Statistical analysis
Statistical analyses were conducted using SPSS™ 13.0. A two-sided p value of <0.05 indicated statistical significance. Continuous data are shown as mean ± standard deviation (SD), and dichotomous data are shown as counts (percentage). Hs-CRP data were transformed by natural logarithms. Two-way repeated measures analysis of variance was performed for each variable with time and group factors. The baseline-observation-carried-forward approach was the method applied to handle missing data. Post hoc analysis was carried out with an adjusted alpha level to determine significant interaction effects. Given the scale property, small sample size, and non-normal distribution data, nonparametric statistics were used to examine within-group effects through time and between-group effects on QoL. The Pearson correlation was used to examine the relationship between the change of exercise capacity and changes in other outcomes.
Results
A total of 24 outpatients were recruited and randomized into either the exercise or the control group. A minor reallocation was made at the beginning of the study (Fig. 1): two participants were very motivated to participate in exercise training, while one who lived at a distance from the outpatient clinic wanted to be assigned to the control group right after the assignment. The exercise and control groups finally included 13 and 11 participants, respectively. None of the participants had a history of chronic obstructive pulmonary disease and most were stage IV. A total of 39.1% and 65.2% participants had had previous lung surgery and chemotherapy, respectively (Table 1). The median number of previous chemotherapy lines was 1. With regard to treatment, eight participants (five in the control group) had targeted therapy as first-line treatment, five took Iressa, one was on Tarceva, and two received Afatinib in the context of a clinical trial. In the control group, three participants took Afatinib with a previous history of receiving another targeted therapy. Six participants had brain metastasis (two in the control group) and two (both in the control group) had bone metastasis. One participant in the control group refused to perform CPET and six participants (four in the control group) declined venipuncture for laboratory testing at baseline measurement. No between-group differences in the clinical characteristics or the outcome measures were observed at baseline. All participants had a VO2peak of 15.8 ± 4.0 mL kg−1 min−1 and %predVO2peak of 49.1 ± 9.8%, ranging from 28.6% to 59.4% as a whole group, and maintained their physical activity and diet throughout the study. Six participants did not return for the follow-up assessment. Two lacked motivation, one had a time conflict, and three participants, who switched from their original targeted therapy (one took Iressa, Tarceva, and Afatinib, respectively) to chemotherapy, refused because of concern about poor responses and disease progression.

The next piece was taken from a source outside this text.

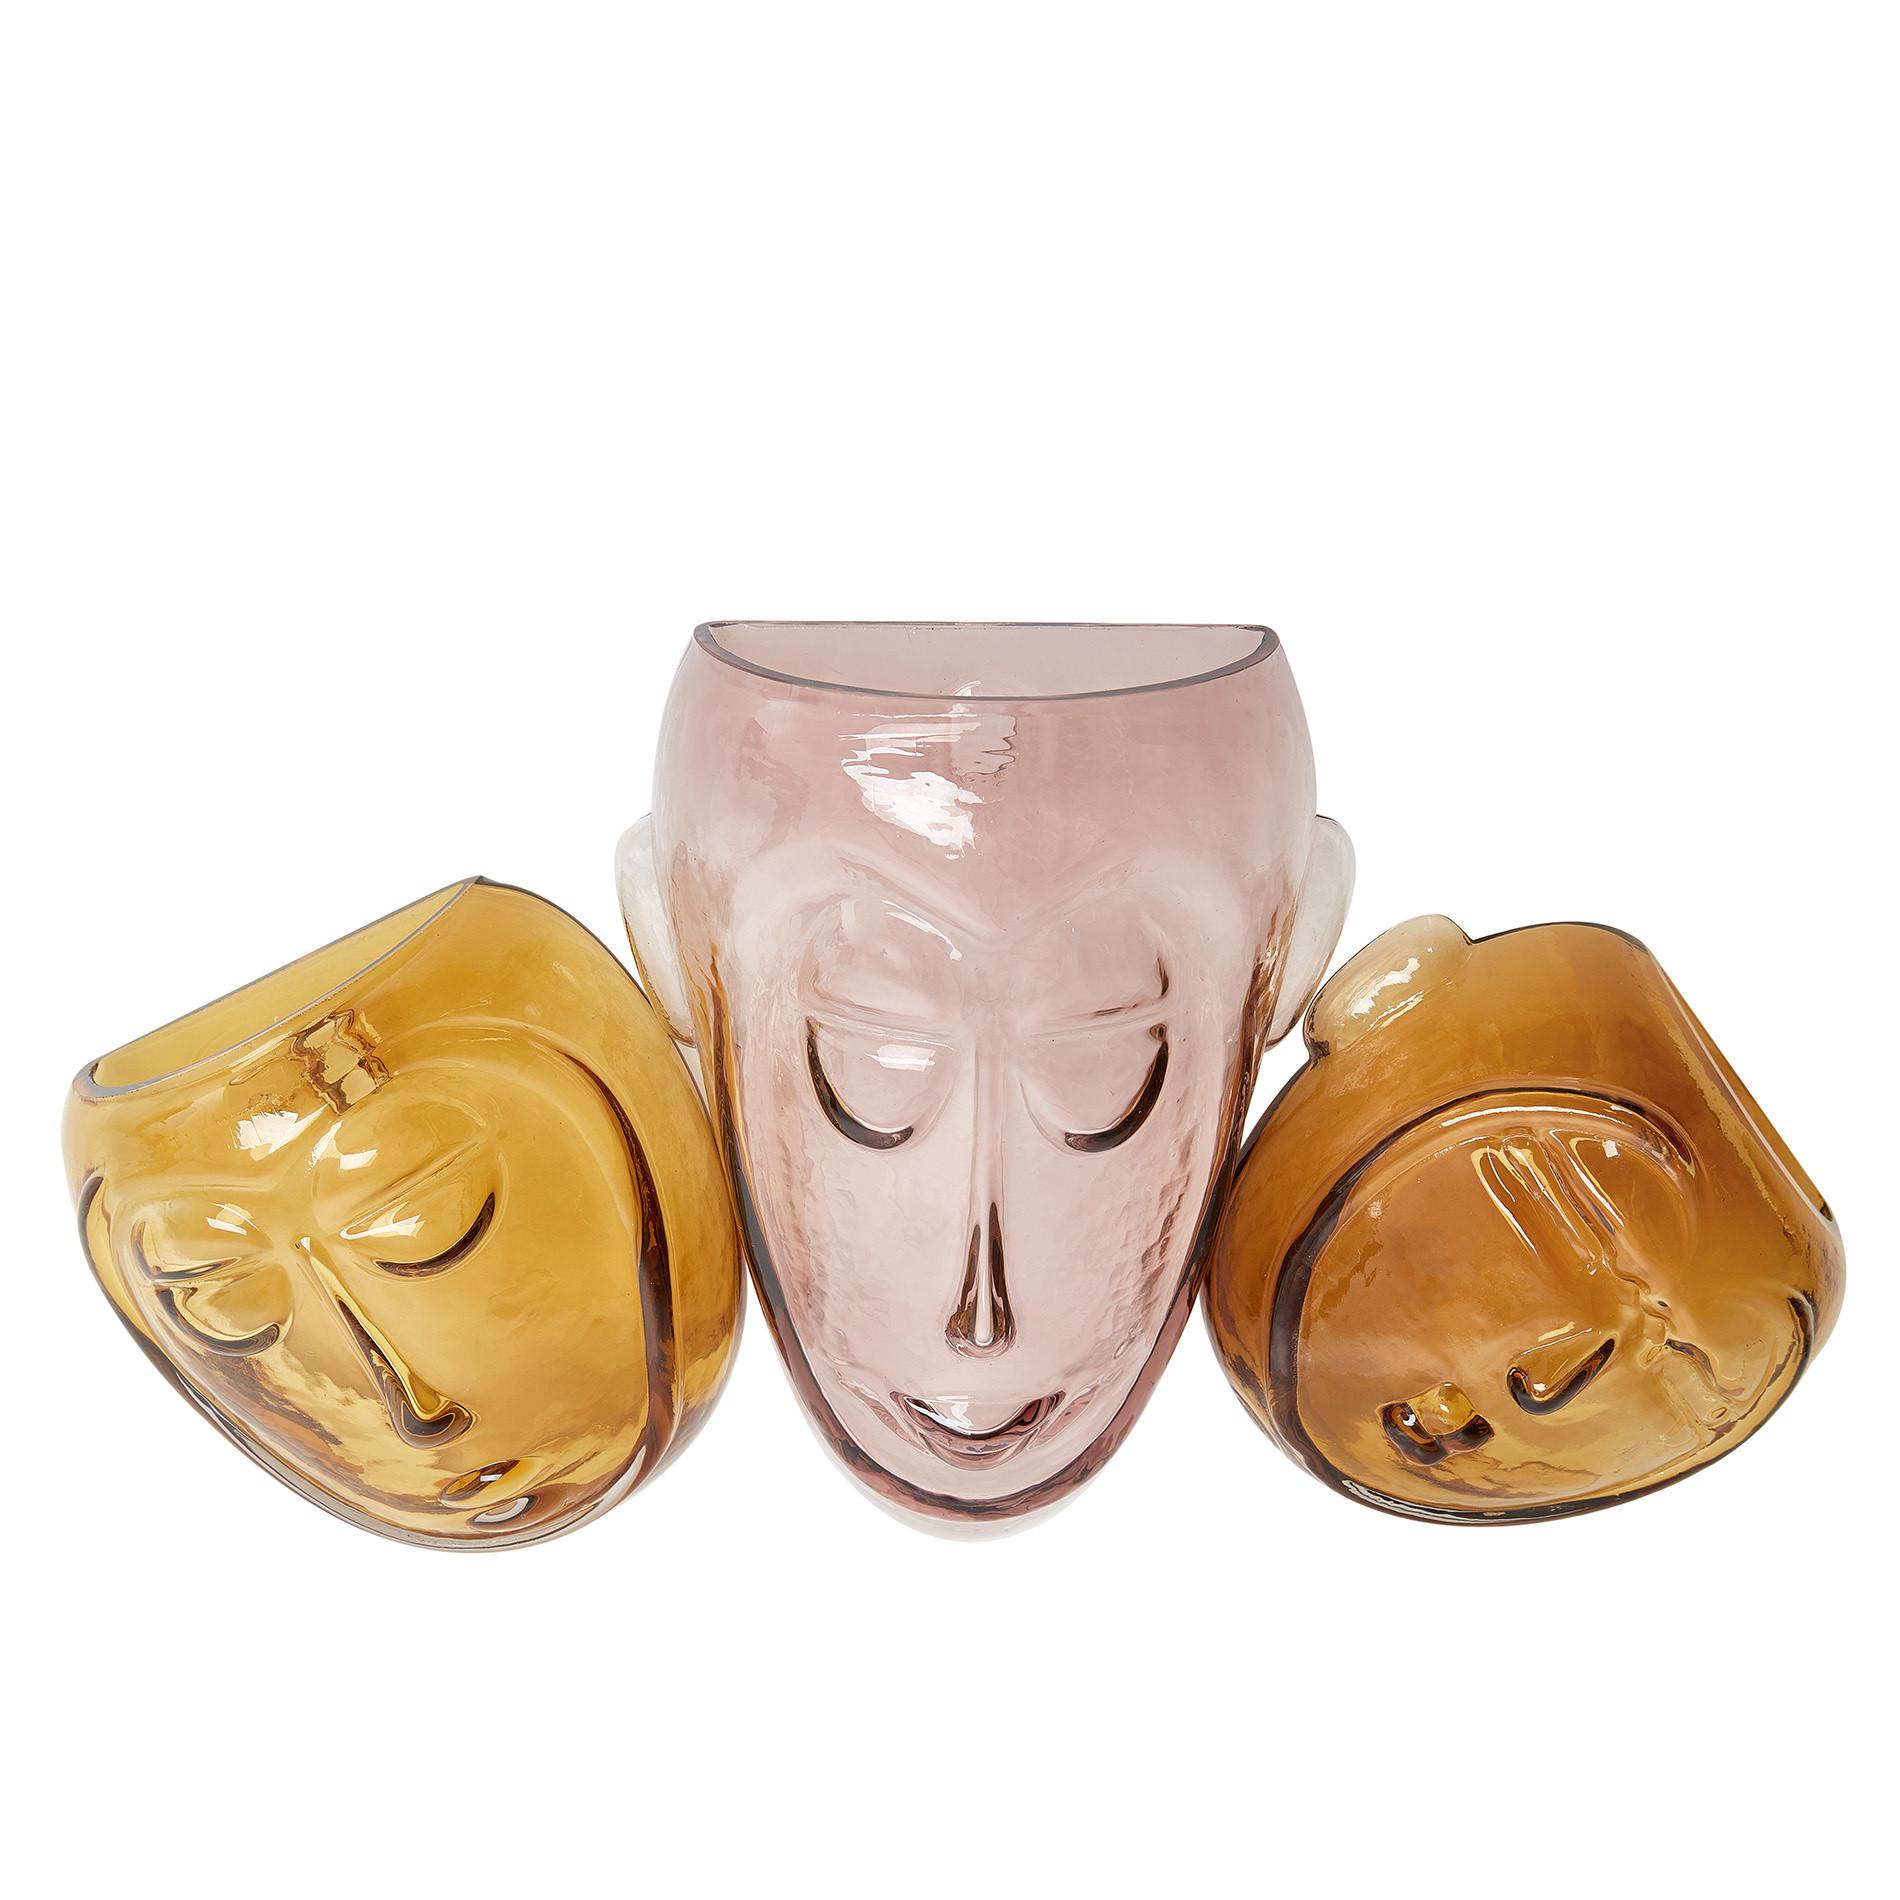 Maschera decorativa vetro colorato in pasta, Trasparente, large image number 1

Schematic flow chart of the study. BOCF baseline observation carried forward
Exercise adherence
The mean and median adherence rate of the exercise group was 71.2% and 83.3%, respectively (range 4.2–100%). An attendance rate of 75% or higher was achieved by nine participants (69.2%), with three (12.5%) attending all 24 exercise sessions. The reasons for non-attendance were mainly personal reasons, such as time limitations and family problems. Others were medically related, including fatigue, body discomforts, falling accidents at home, and hospitalization owing to pericardial effusion. However, none of these reasons were directly related to exercise training and no exercise-related adverse events were reported.
Effects of exercise training
The subjects in the exercise group showed a significant increase in VO2peak (+1.6, 95% CI, 0.9–2.3 mL kg−1 min−1, p < 0.005) and %predVO2peak (+5.3, 95% CI, 2.9–7.7%, p < 0.005), while the values for the control group remained unchanged for both VO2peak (−0.4, 95% CI, −1.2–0.4 mL kg−1 min−1, p = 0.27) and %predVO2peak (−1.5, 95% CI, −4.2–1.3%, p = 0.28) (Fig. 2). Similar results were found for the peak workload (+12, 95% CI, 7–16 W), and the tidal volume (0.11, 95% CI, 0.03–0.20 L), increased considerably in the exercise group and remained unchanged in the control group. Peak O2 pulse tended to increase in the exercise group (+0.3, 95% CI, 0.0–0.7, p = 0.08), but decreased in the control group (−0.3, 95% CI, −0.8–0.1 mL min−1, p = 0.13).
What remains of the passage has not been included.